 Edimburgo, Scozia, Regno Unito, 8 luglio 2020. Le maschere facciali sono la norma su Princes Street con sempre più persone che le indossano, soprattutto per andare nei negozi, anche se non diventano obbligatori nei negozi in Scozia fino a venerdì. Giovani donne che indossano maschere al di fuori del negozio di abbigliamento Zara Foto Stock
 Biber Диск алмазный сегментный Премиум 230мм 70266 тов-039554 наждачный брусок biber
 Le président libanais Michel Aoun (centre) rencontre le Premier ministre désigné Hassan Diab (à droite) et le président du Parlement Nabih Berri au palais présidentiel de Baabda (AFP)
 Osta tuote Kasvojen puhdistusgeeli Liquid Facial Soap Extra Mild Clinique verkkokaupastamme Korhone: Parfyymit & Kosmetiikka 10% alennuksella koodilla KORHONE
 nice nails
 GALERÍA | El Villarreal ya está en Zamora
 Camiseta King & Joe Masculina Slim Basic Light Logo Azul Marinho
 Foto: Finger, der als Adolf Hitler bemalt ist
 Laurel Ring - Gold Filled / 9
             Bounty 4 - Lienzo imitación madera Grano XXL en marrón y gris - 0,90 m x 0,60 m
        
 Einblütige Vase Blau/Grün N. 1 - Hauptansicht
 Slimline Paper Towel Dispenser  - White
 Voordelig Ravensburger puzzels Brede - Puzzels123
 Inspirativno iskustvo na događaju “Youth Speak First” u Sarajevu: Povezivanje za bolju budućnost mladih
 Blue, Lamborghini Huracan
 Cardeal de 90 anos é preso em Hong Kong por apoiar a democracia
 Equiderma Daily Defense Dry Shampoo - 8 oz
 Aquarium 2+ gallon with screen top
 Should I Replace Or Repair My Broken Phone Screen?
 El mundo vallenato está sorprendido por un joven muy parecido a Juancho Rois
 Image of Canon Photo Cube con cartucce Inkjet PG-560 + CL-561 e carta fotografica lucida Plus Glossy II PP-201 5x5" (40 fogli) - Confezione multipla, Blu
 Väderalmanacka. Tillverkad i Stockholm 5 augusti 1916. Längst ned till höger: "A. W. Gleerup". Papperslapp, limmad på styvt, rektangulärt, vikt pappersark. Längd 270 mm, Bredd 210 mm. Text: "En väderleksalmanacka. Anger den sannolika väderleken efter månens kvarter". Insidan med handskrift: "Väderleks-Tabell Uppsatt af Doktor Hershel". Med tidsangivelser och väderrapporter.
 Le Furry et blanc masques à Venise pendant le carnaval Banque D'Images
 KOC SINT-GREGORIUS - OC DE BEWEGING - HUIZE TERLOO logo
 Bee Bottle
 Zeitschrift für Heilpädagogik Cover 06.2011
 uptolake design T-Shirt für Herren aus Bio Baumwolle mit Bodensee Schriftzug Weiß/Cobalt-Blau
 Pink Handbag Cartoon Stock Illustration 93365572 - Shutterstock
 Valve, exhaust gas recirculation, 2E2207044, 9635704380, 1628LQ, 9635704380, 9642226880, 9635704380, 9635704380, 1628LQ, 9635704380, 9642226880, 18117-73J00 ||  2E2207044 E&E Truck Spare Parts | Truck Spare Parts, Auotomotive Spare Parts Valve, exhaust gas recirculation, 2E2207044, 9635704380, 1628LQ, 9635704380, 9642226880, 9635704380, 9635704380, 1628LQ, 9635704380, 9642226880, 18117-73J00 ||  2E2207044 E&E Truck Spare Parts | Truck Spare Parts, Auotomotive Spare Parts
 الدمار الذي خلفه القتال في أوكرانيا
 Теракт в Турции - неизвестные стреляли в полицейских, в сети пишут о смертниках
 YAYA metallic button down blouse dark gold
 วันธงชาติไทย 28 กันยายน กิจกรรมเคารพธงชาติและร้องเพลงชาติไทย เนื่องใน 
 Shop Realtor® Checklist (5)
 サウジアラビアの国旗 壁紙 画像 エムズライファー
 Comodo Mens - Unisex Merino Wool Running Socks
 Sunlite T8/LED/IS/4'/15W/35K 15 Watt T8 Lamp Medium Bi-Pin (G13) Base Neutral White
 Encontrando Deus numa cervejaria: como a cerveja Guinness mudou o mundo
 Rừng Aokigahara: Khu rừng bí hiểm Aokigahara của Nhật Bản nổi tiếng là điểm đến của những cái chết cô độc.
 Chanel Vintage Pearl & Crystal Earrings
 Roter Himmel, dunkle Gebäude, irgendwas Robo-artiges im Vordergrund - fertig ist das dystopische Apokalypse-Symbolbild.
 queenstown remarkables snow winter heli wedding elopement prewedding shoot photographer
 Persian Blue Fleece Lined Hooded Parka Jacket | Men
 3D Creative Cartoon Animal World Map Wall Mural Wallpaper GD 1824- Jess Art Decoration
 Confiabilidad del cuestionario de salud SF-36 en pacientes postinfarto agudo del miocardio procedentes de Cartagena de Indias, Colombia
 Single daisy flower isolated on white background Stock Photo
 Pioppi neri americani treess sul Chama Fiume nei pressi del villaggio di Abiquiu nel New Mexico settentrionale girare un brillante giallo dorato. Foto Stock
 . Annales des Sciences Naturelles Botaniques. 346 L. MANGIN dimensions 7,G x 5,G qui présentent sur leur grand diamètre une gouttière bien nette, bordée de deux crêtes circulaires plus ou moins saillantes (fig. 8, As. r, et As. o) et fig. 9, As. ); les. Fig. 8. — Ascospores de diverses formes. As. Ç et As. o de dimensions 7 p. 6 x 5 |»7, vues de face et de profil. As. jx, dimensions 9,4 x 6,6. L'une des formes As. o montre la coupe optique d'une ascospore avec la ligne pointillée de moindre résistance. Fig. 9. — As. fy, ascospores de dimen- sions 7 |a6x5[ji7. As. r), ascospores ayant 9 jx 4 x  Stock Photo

* **WHAT NEEDS TO BE DONE**: Send back an exact copy of only the lines from the line with "KOC SINT-GREGORIUS - OC" up to and including the line with "Теракт в Турции" in the data above.

* **RESULT FOR THIS EXERCISE**:
 KOC SINT-GREGORIUS - OC DE BEWEGING - HUIZE TERLOO logo
 Bee Bottle
 Zeitschrift für Heilpädagogik Cover 06.2011
 uptolake design T-Shirt für Herren aus Bio Baumwolle mit Bodensee Schriftzug Weiß/Cobalt-Blau
 Pink Handbag Cartoon Stock Illustration 93365572 - Shutterstock
 Valve, exhaust gas recirculation, 2E2207044, 9635704380, 1628LQ, 9635704380, 9642226880, 9635704380, 9635704380, 1628LQ, 9635704380, 9642226880, 18117-73J00 ||  2E2207044 E&E Truck Spare Parts | Truck Spare Parts, Auotomotive Spare Parts Valve, exhaust gas recirculation, 2E2207044, 9635704380, 1628LQ, 9635704380, 9642226880, 9635704380, 9635704380, 1628LQ, 9635704380, 9642226880, 18117-73J00 ||  2E2207044 E&E Truck Spare Parts | Truck Spare Parts, Auotomotive Spare Parts
 الدمار الذي خلفه القتال في أوكرانيا
 Теракт в Турции - неизвестные стреляли в полицейских, в сети пишут о смертниках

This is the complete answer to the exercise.